▼

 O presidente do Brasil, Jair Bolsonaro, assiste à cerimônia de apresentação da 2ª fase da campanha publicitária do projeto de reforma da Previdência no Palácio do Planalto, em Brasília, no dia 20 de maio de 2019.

▲
▼

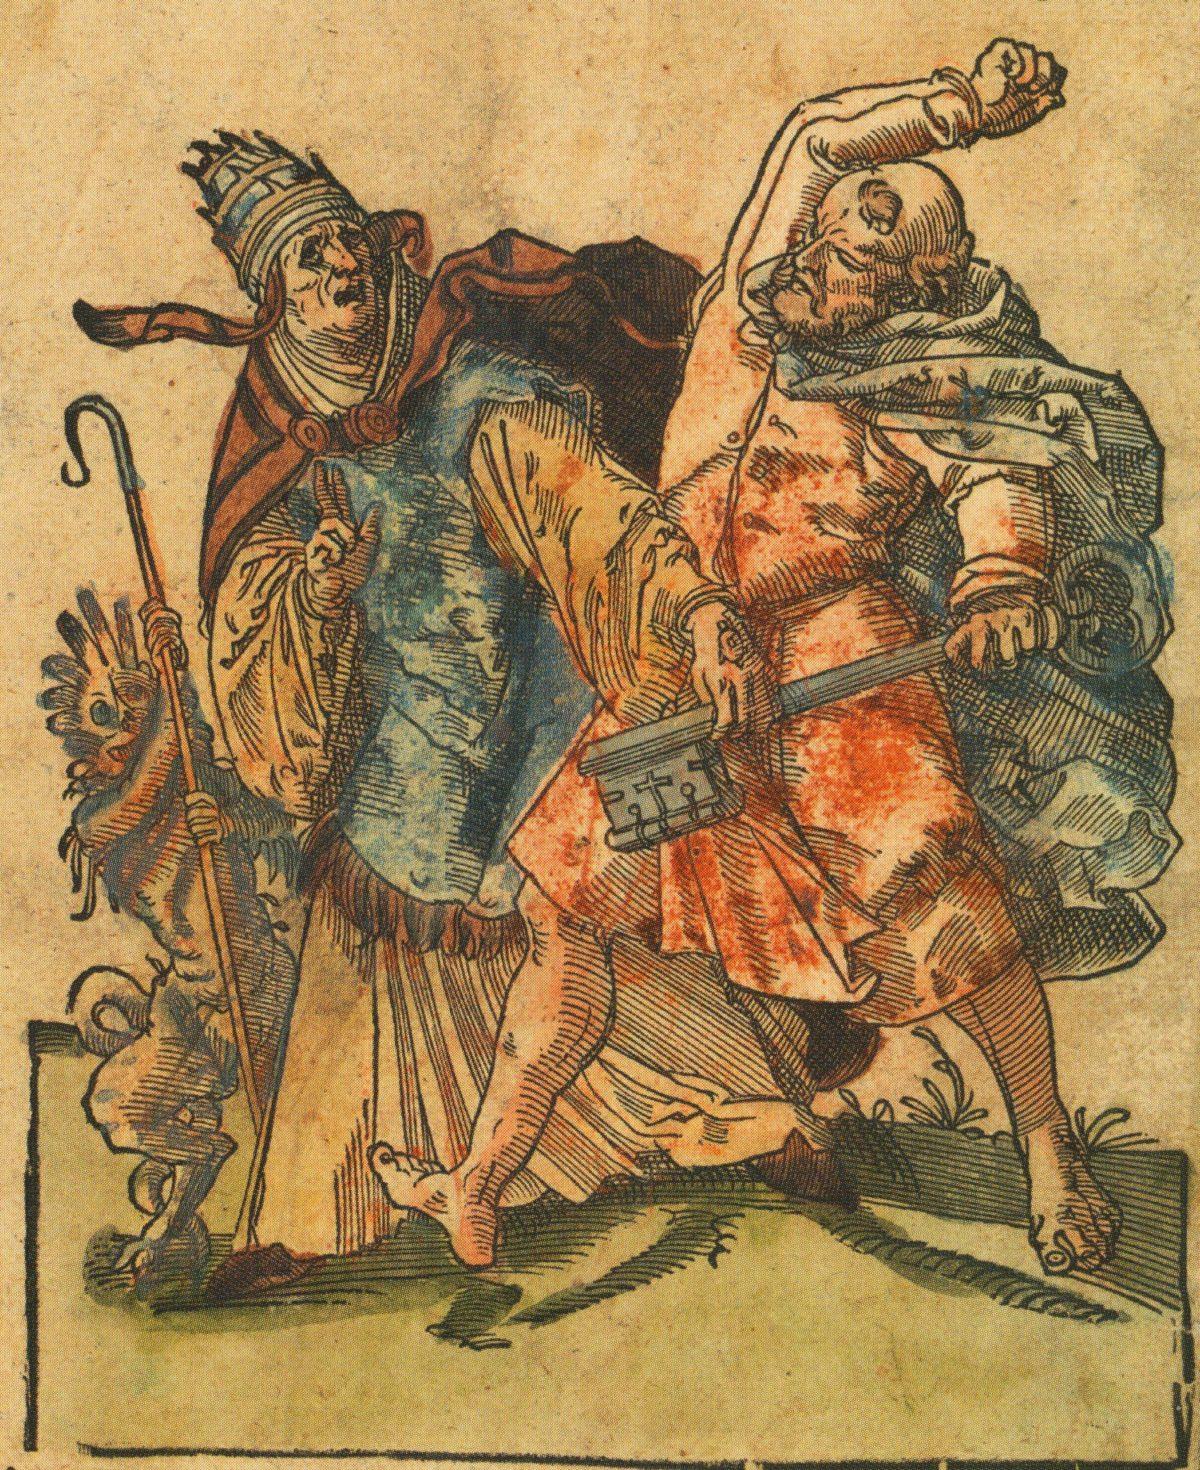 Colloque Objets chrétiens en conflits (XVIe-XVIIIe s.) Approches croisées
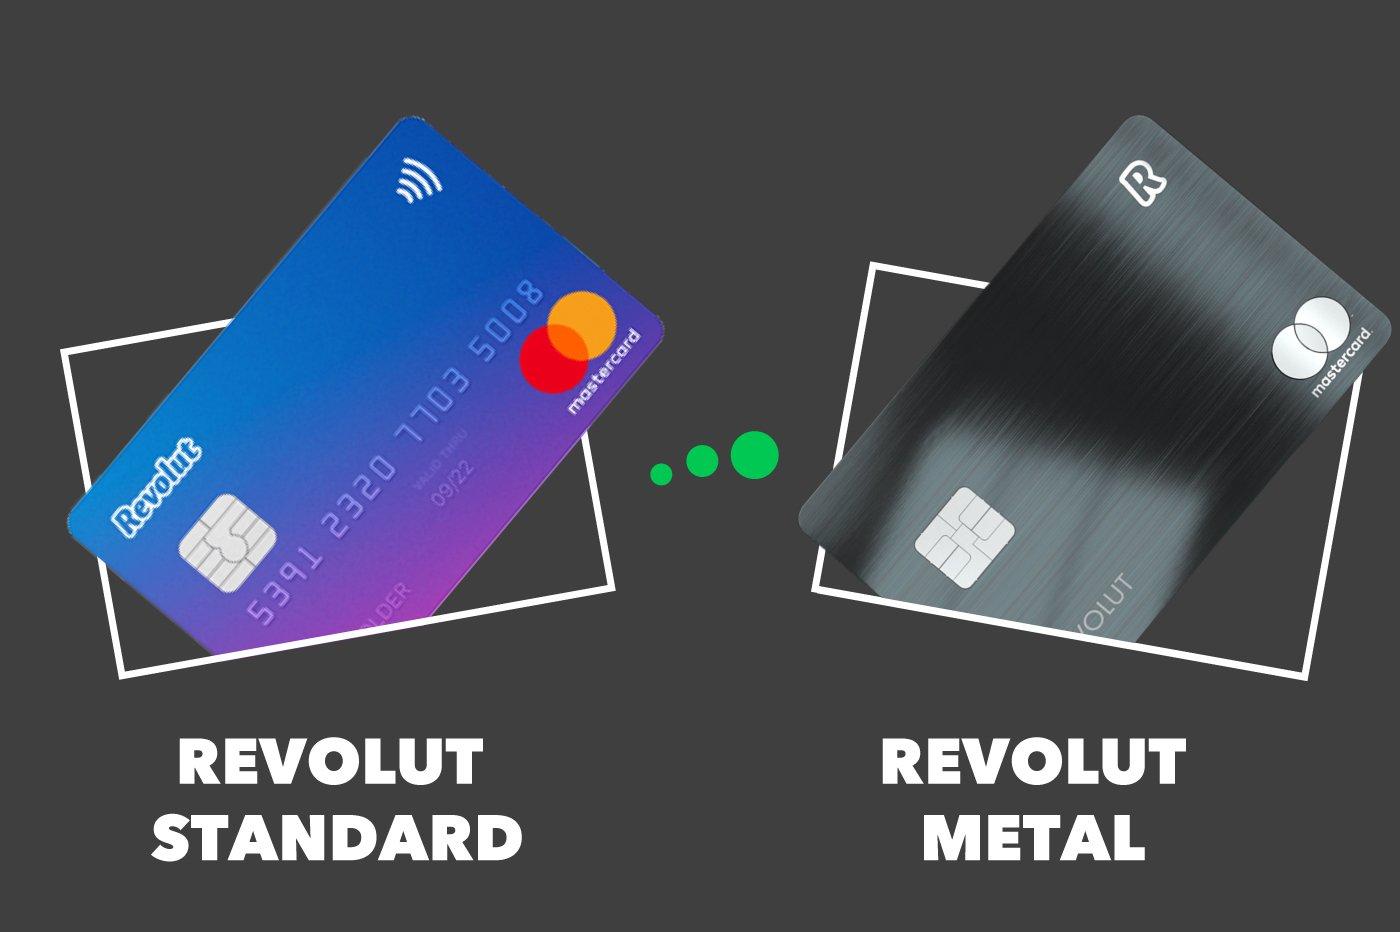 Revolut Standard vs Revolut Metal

▲

▶ **THE PROBLEM**
Once the line with "Colloque Objets chrétiens" has been found above, output that line and every later line exactly, stopping after the line with "Revolut Standard vs Revolut Metal", and omit the pictures.

▶ **SOLUTION**
 Colloque Objets chrétiens en conflits (XVIe-XVIIIe s.) Approches croisées
 Revolut Standard vs Revolut Metal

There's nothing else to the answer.